A noi di B&C piace analizzare le schede video a 360°. Non riportiamo solo le performance su strada ma analizziamo anche la qualità costruttiva del prodotto in ogni sua parte, con una particolare attenzione al design del PCB e all'efficienza del sistema di raffreddamento. Ed è proprio sotto queste ultime due voci che Sapphire ha nuovamente colpito nel segno con la R9 390 NITRO w/ Backplate.

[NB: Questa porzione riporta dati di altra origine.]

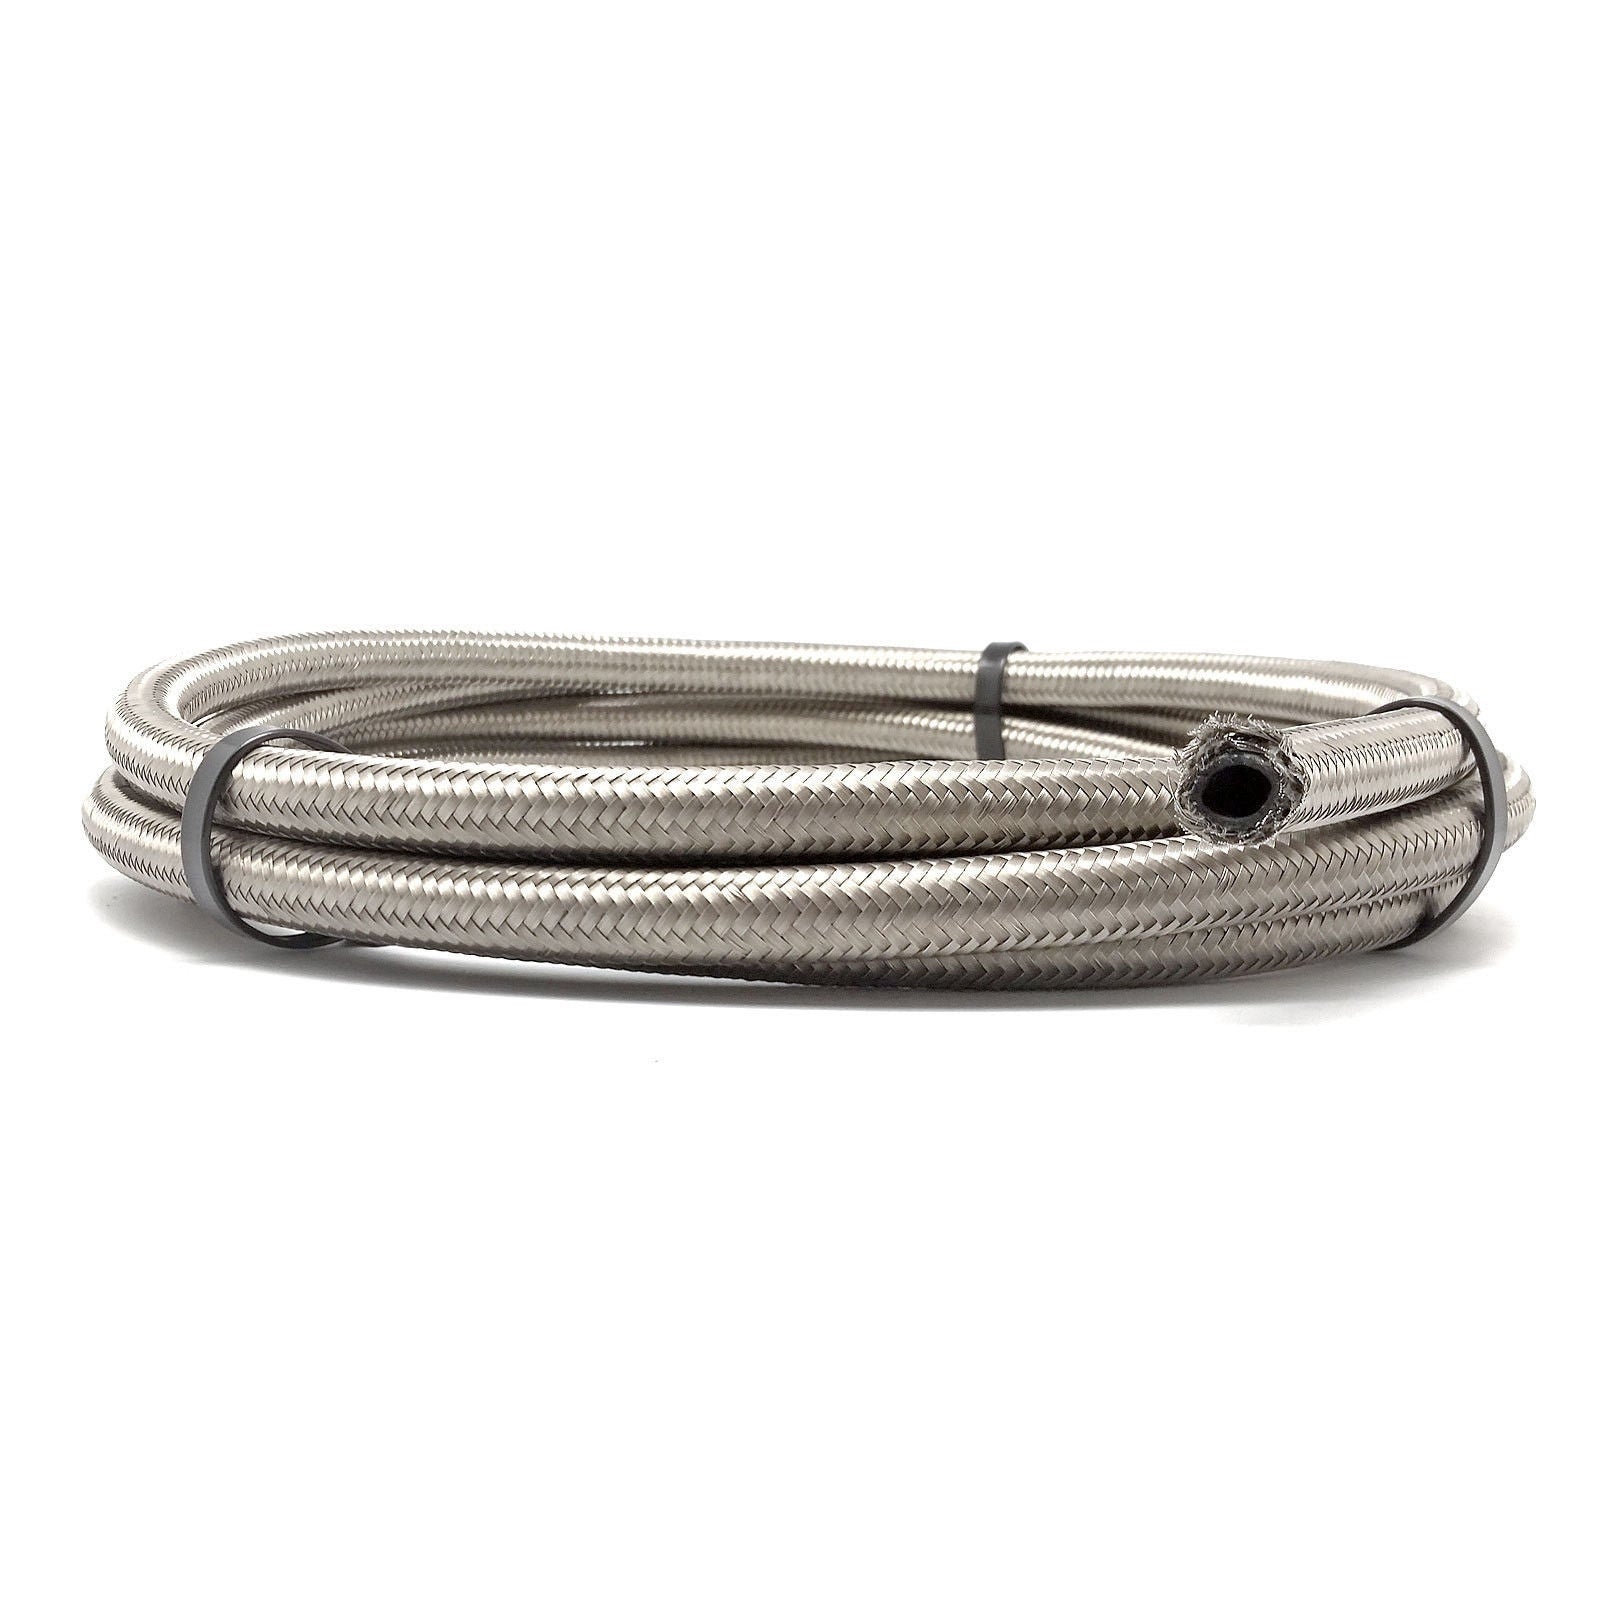 Buy 6 mm 1 Steel Braided Hose 210 bar 14 mm online at best rates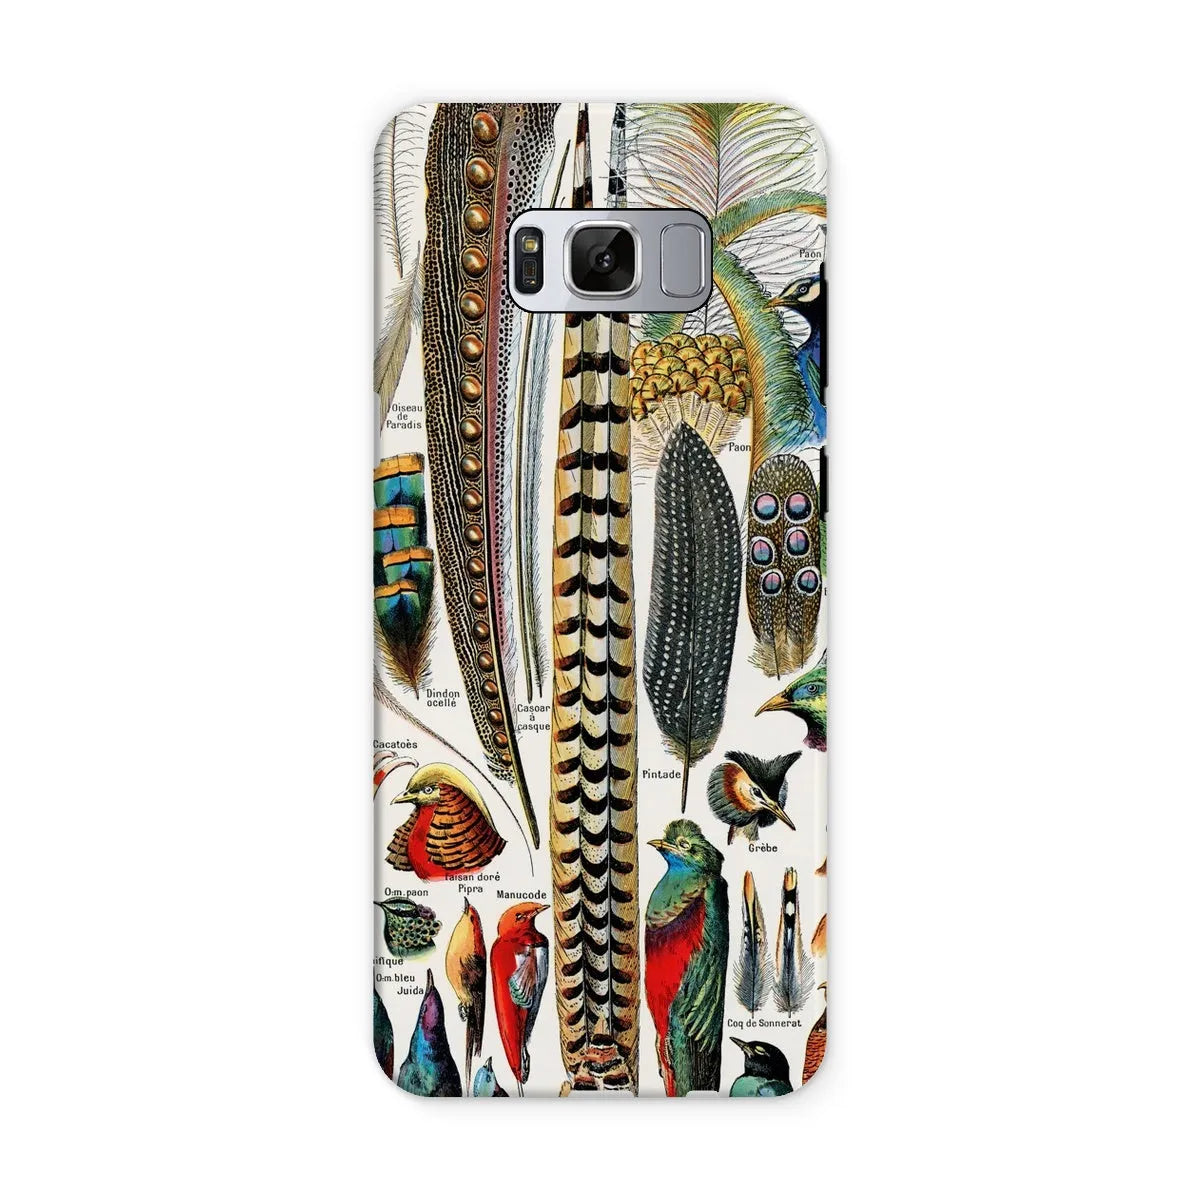 Plumes - Feathers - Adolphe Millot Tough Phone Case - Samsung Galaxy S8 / Matte - Mobile Phone Cases - Aesthetic Art

La scheda raggiunge un nuovo obiettivo tra le evoluzioni basate su GPU Hawaii: è un elegante anello di congiunzione tra la prima generazione di soluzioni Tri-X e le imponenti versioni custom Vapor-X. Finalmente troviamo un sistema di raffreddamento semi-passivo (TUTTE le ventole sono completamente ferme in idle) ed un nuovo meccanismo di regolazione della velocità delle ventole mutuato direttamente dalla 380 NITRO.

La modifica alla configurazione delle heatpipe del dissipatore Tri-X, il potenziamento della sezione di alimentazione sul PCB e l'aggiunta del backplate hanno permesso a Sapphire di presentarsi con una "R9 390: done right!", praticamente priva di qualsiasi difetto. A queste aggiungiamo il contemporaneo rilascio di una nuova versione del tool Sapphire Trixx, ottimizzata per la serie R300 e Fury, che rende estremamente user-friendly l'overclock della R9 390 NITRO w/ Backplate.

Passando alle performance: alla resa dei conti abbiamo una scheda che tiene il passo con le versioni custom/OC delle GeForce GTX 970 e che si dimostra competitiva anche come rapporto prezzo-prestazioni (in più ha un frame-buffer doppio rispetto alla concorrenza, questo è un punto a favore di AMD quando si utilizzano configurazioni multi-GPU, nDA). Resta il problema del consumo elevato in full-load, ma qui entriamo nel campo delle diverse scelte architetturali fatte da AMD e NVidia (Hawaii è un chip che nasce anche per il computing, mentre il GM204 è specifico per l'ambito gaming). Comunque quello dei consumi è, a nostro avviso, un fattore non preponderante sulle schede video che costano dai 300 Euro in su.